# Vegas, new dogs (I know I know) and Snow...



## American_Pit13 (Apr 23, 2007)

*So Vegas went well even though the crew wasn't up to par with conditioning. I just switched food a couple weeks before the show and didn't have them quiet back to norm yet.

Spock got 1-2nd, Crixus got a 2nd and 3rd, and Newbie Gluttony took 3-3rds. 
Wins from the Show

And the wall grows!


Spock-He is wet, it was a hot one! Photo by Doug.


On the way home we couldn't get across Donner Pass and had to stay from 2:30am to 8:30am. Most the dogs were not happy about it other than Gluttony (Freakin Canadians!) and Serena who is also new!

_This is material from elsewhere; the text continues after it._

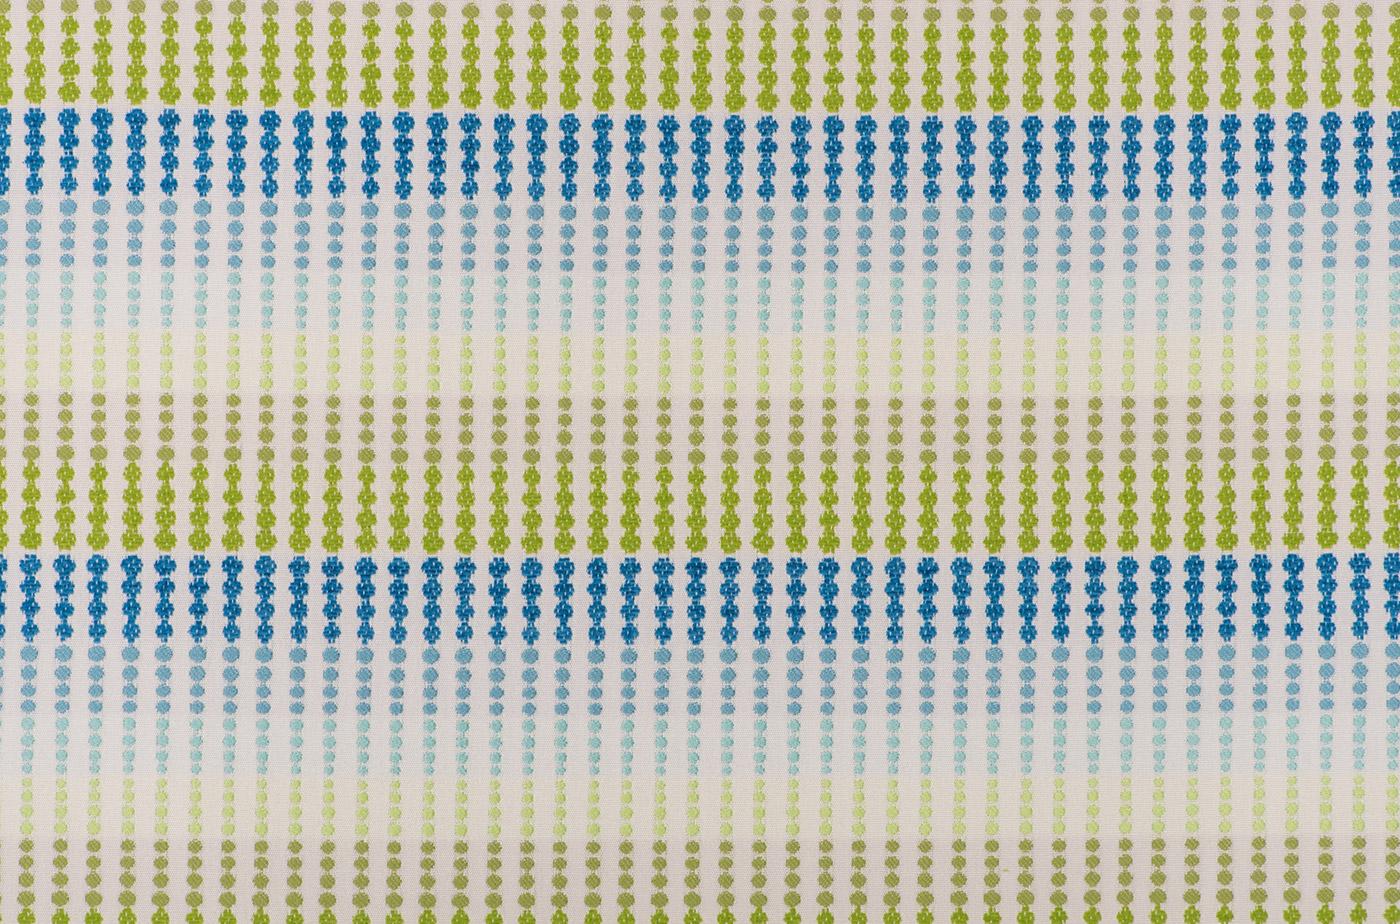 Confetti Craze Blue Green 10006 01

CH BlueRose Kennel's Sassi Li'l Serena. Doug was so nice as to pick her up from SoCal and bring her to the show for me. Serena is a couple wins shy of her UKC GRCH. She is an amazing WP dog that has had some great training and will be pulling and showing in the ADBA. Weighing in at 30-35lbs she is a tiny little thing.










Gluttony-Will be getting new name



I also took a female-Atreyu- for a friend who got 2-1st, a Judges choice and BOO (Best of Opposite).

Atreyu-Belongs to Allie of NorthernLights-Allie is also the breeder of Gluttony.



Just leaving Donner Pass


*


----------



## dixieland (Aug 14, 2009)

congrats on the wins and on the new additions!I'm loving Gluttony!Beautiful!!


----------



## American_Pit13 (Apr 23, 2007)

Other then that gay tail, she's pretty darn cute! Gay tails are like one of my things, but I am starting to see it as kinda cute lmao. It fits her. She is a very adorable wiggly little puppy. Her and Serena get along well which is great. Serena is none DA. Oh Serena is 2 years old I guess I should have mentioned. Same rules still apply, but it's nice to be able to walk multiple dogs at once.


----------



## Black Rabbit (Nov 14, 2009)

Awe I like these new additions. And congrats on the growing wall


----------



## American_Pit13 (Apr 23, 2007)

kg420 said:


> Awe I like these new additions. And congrats on the growing wall


Yeah I like them too. Neither of them were planed I swear! Lisa says I am collecting! Her and Doug are calling me Kruger Pet Kennels lmao! I just love me some purdy dogs 

Serena's breeder is a friend of mine who contacted me about picking her up and switching me for her sister Venus ( Who is the first UKC GRCH Tri with natural ears!). She would then Finish Serena, place her and I would send back V. Well we talked about it and I think Serena has great ADBA potential so I asked if I would finish her UKC Grand, could just stay here and I'll take her to the ADBA. Cassandra thought about it and decided to let her just stay with me 

Allie contacted me about 3 days later lol asking if I would like a sister to one of her pups I really liked. I thought it over and decided that yeah I could add her. Some things are going really good, I am almost finished with both my degrees (2 semesters left) and should be going back to work in May. So I can afford them and it gives me extra dogs to go to shows since I have to travel. Even this trip here Gluttony really came through bringing home an extra 3 ribbons. There where only 3 dogs in her class, but she doesn't understand that lmao. To her she's a winner!


----------



## mccoypitbulls (Nov 26, 2009)

Nice job. Always nice to come back with stuff!
Darn snow!!


----------



## Just Tap Pits (Mar 4, 2013)

Ap13 does that pup have splayed feet? Kinda look like it does and was just curious.


----------



## Black Rabbit (Nov 14, 2009)

I don't think she has splayed feet at all. She's standing on a rock which can spread the toes when they put pressure on the foot.


----------



## Odin`s_BlueDragon (Mar 11, 2012)

That was a fun show! Even though it was hot! Feel free to nab in pics I took of ur crew, ill share. 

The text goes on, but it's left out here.